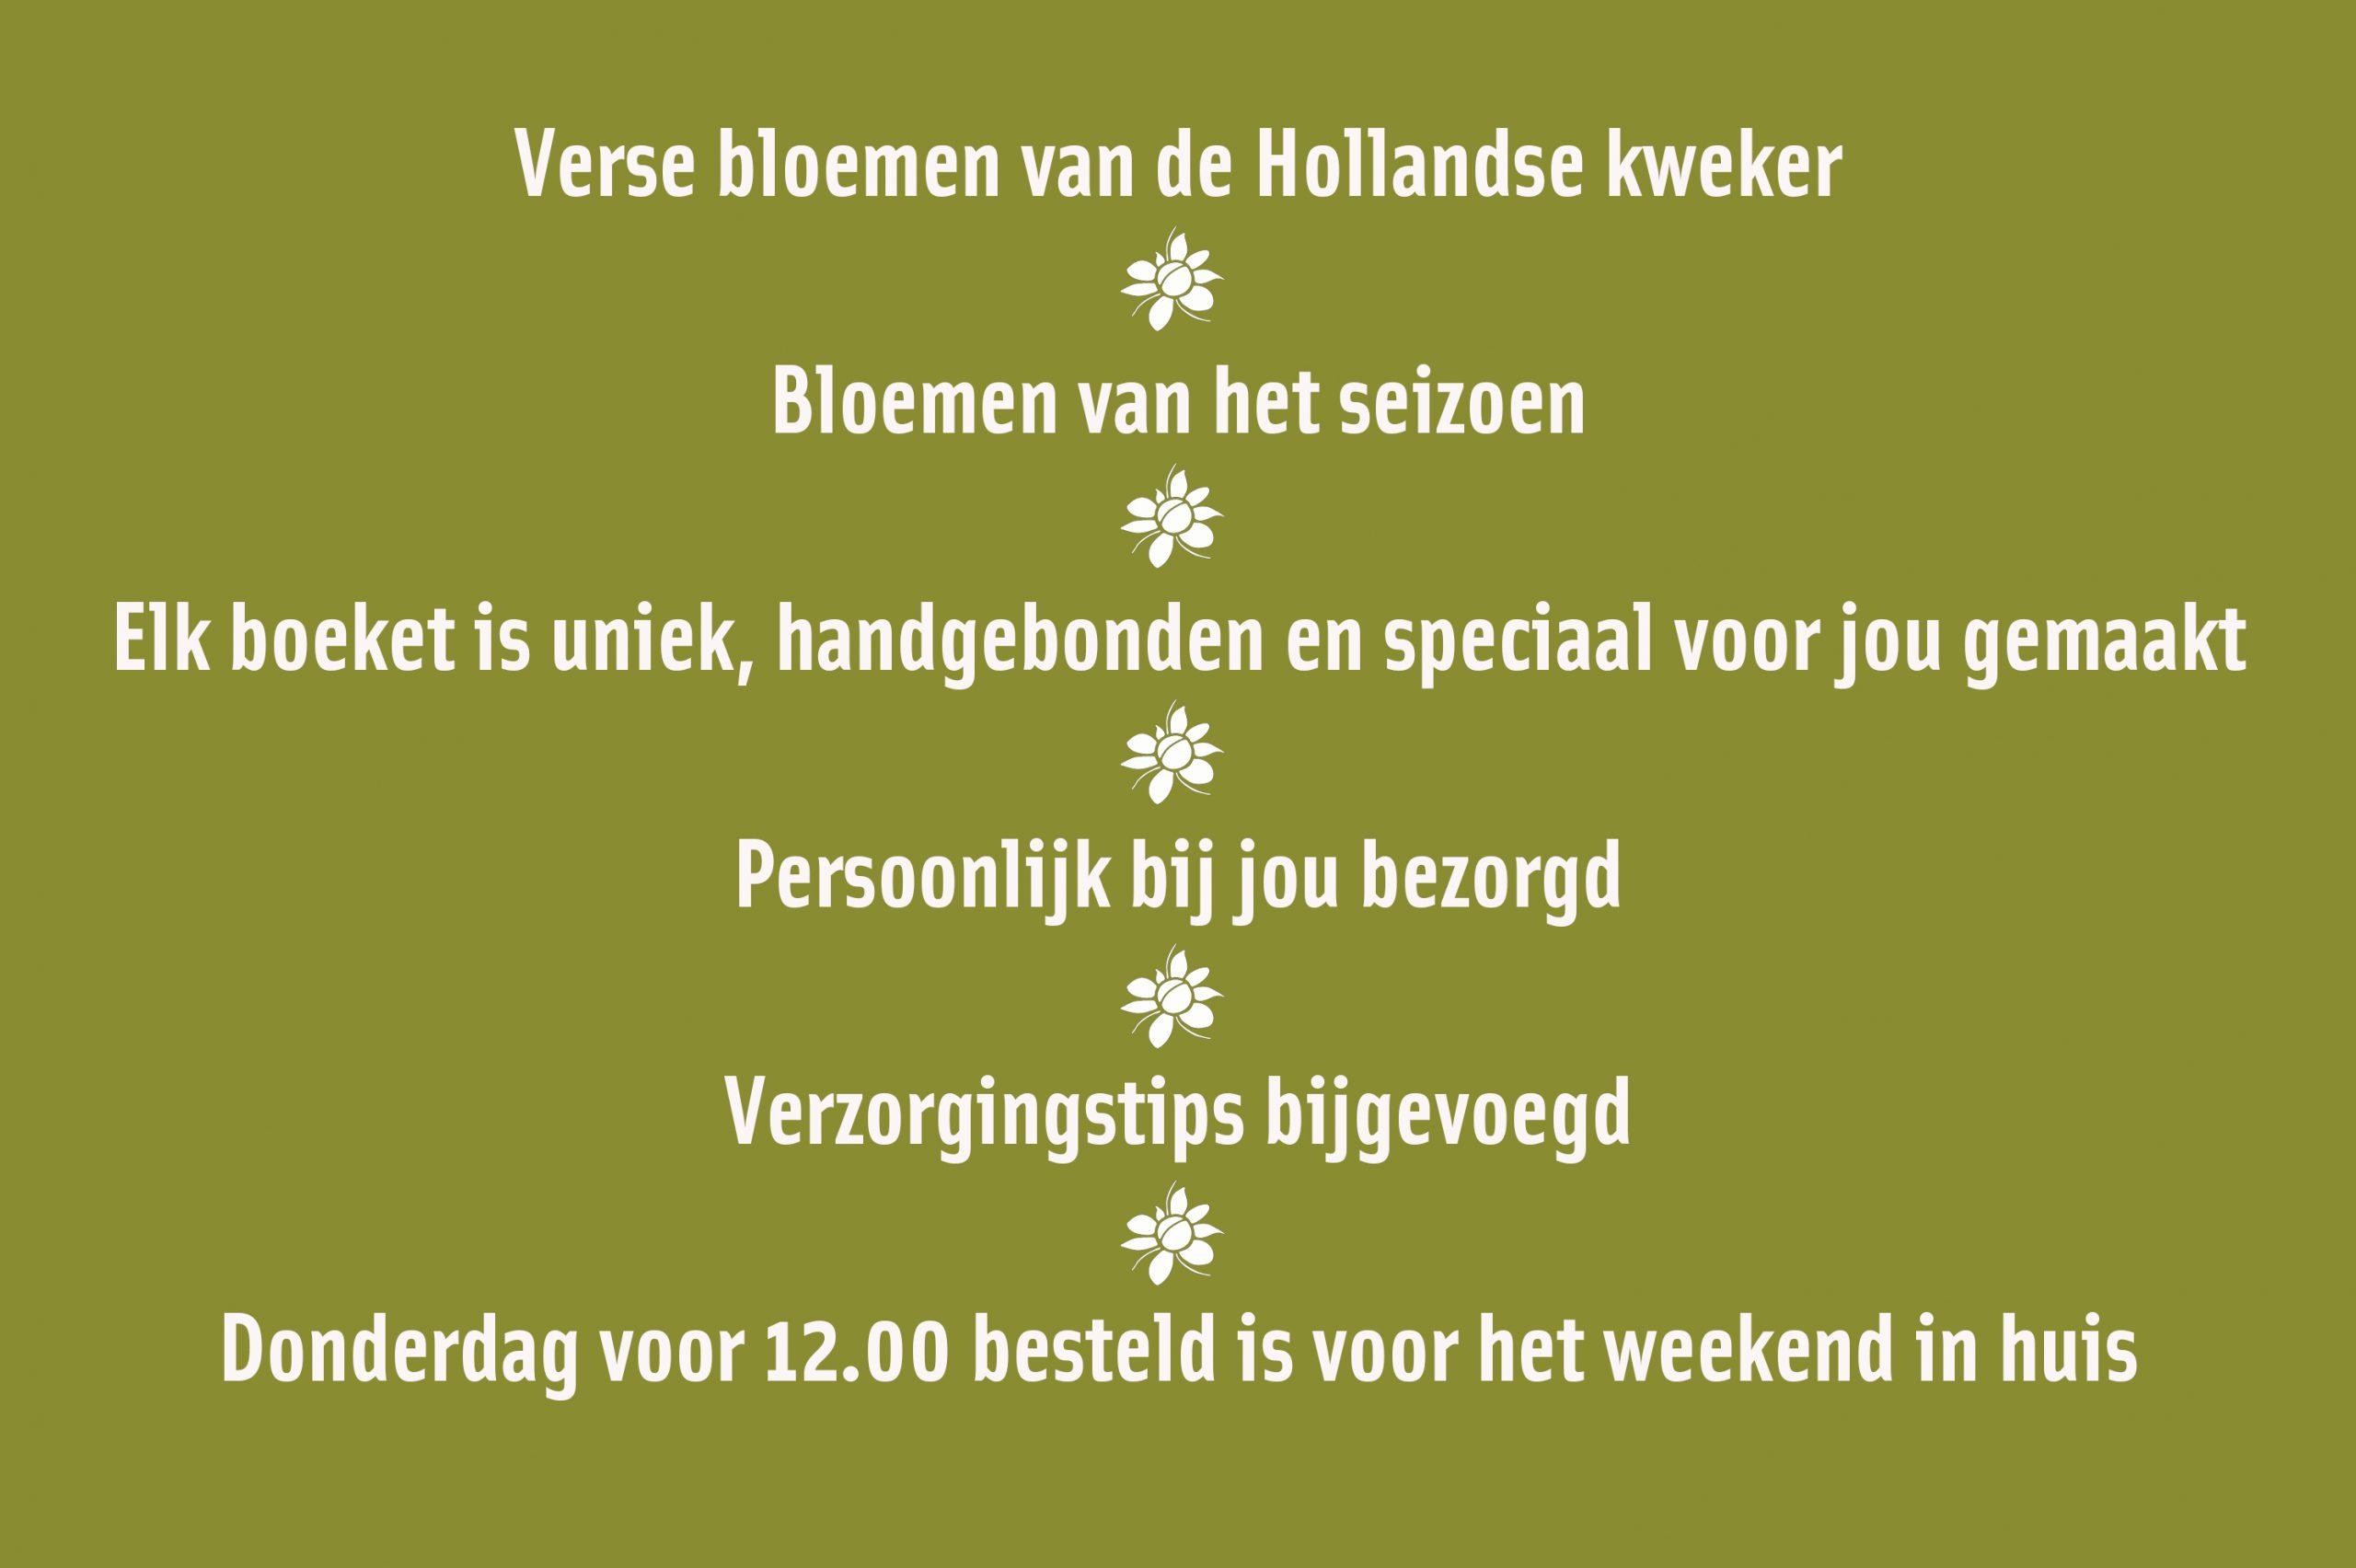 Verse bloemen uit Delft online bestellen
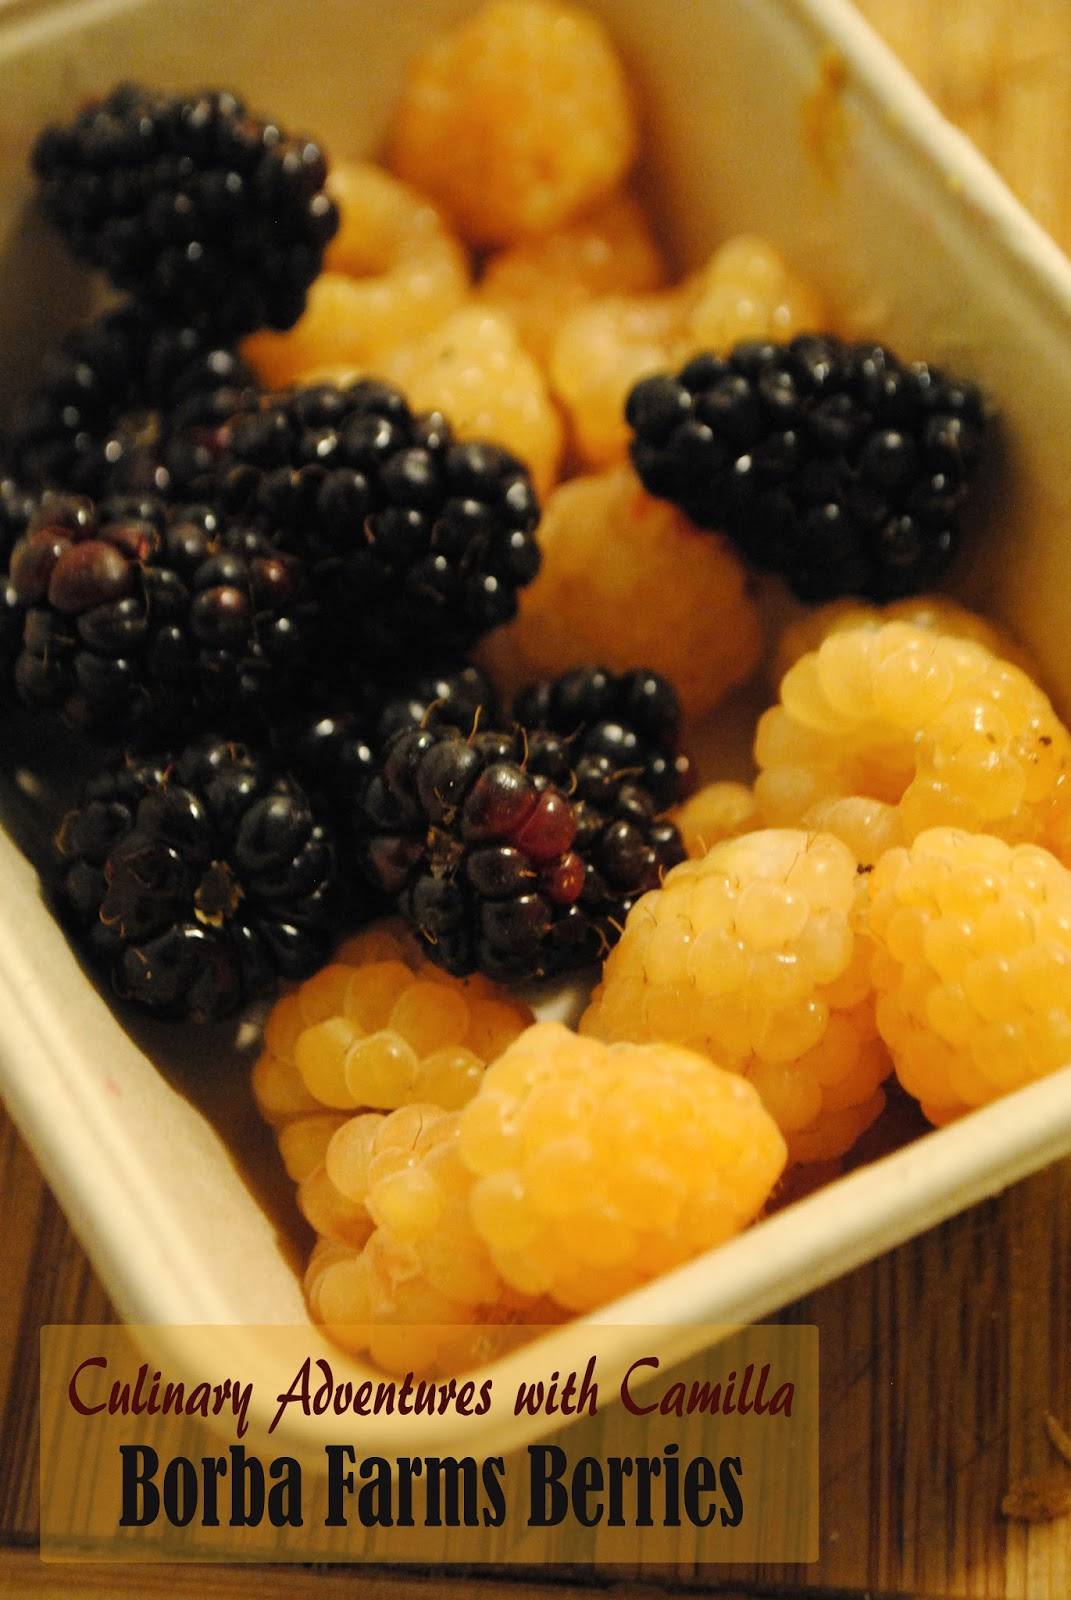 marionberries and golden raspberries
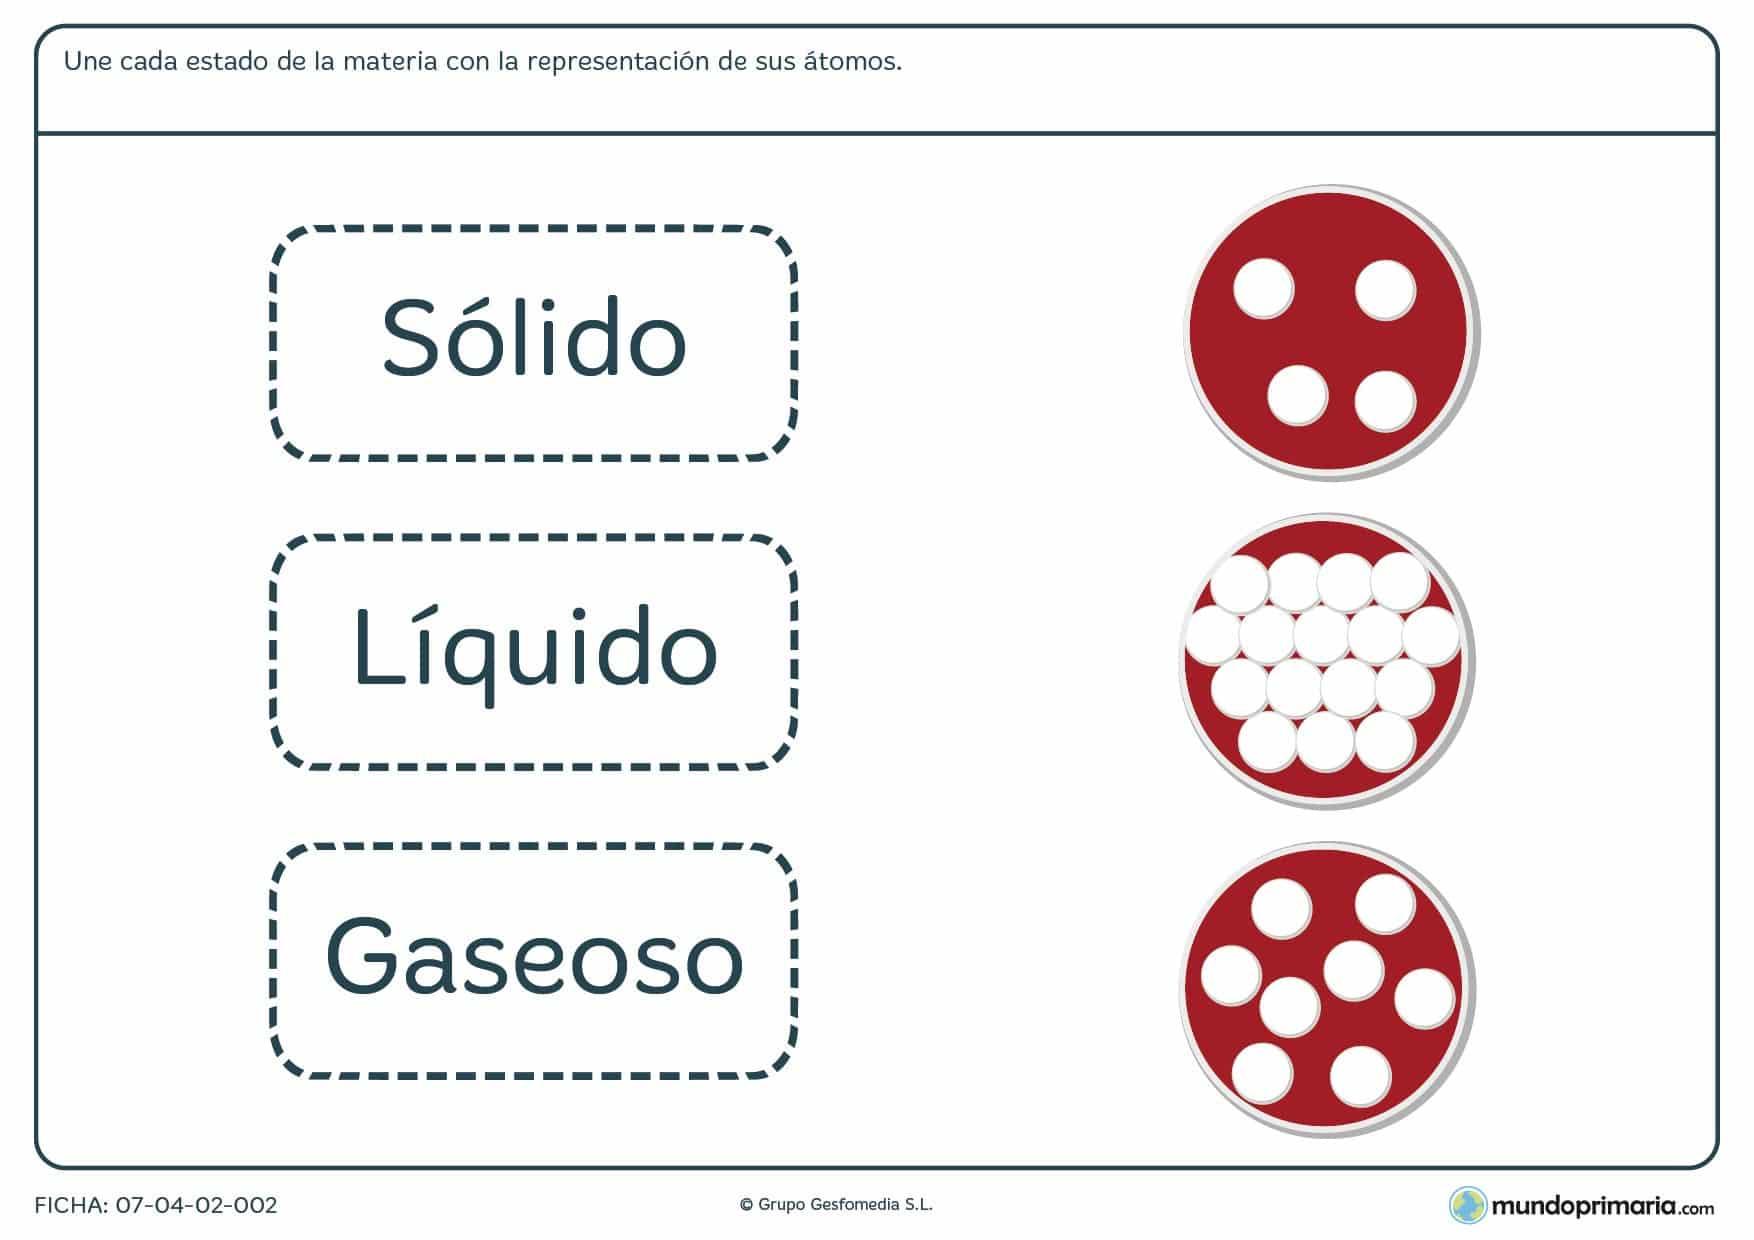 Ficha de átomos de la materia en la que debes unir cada estado con su representación en forma de dibujo de átomos.

WHAT IS REQUIRED: Give back the full listing verbatim, skipping each picture.

WRITTEN RESPONSE:
 Verse bloemen uit Delft online bestellen
 marionberries and golden raspberries
 Ficha de átomos de la materia en la que debes unir cada estado con su representación en forma de dibujo de átomos.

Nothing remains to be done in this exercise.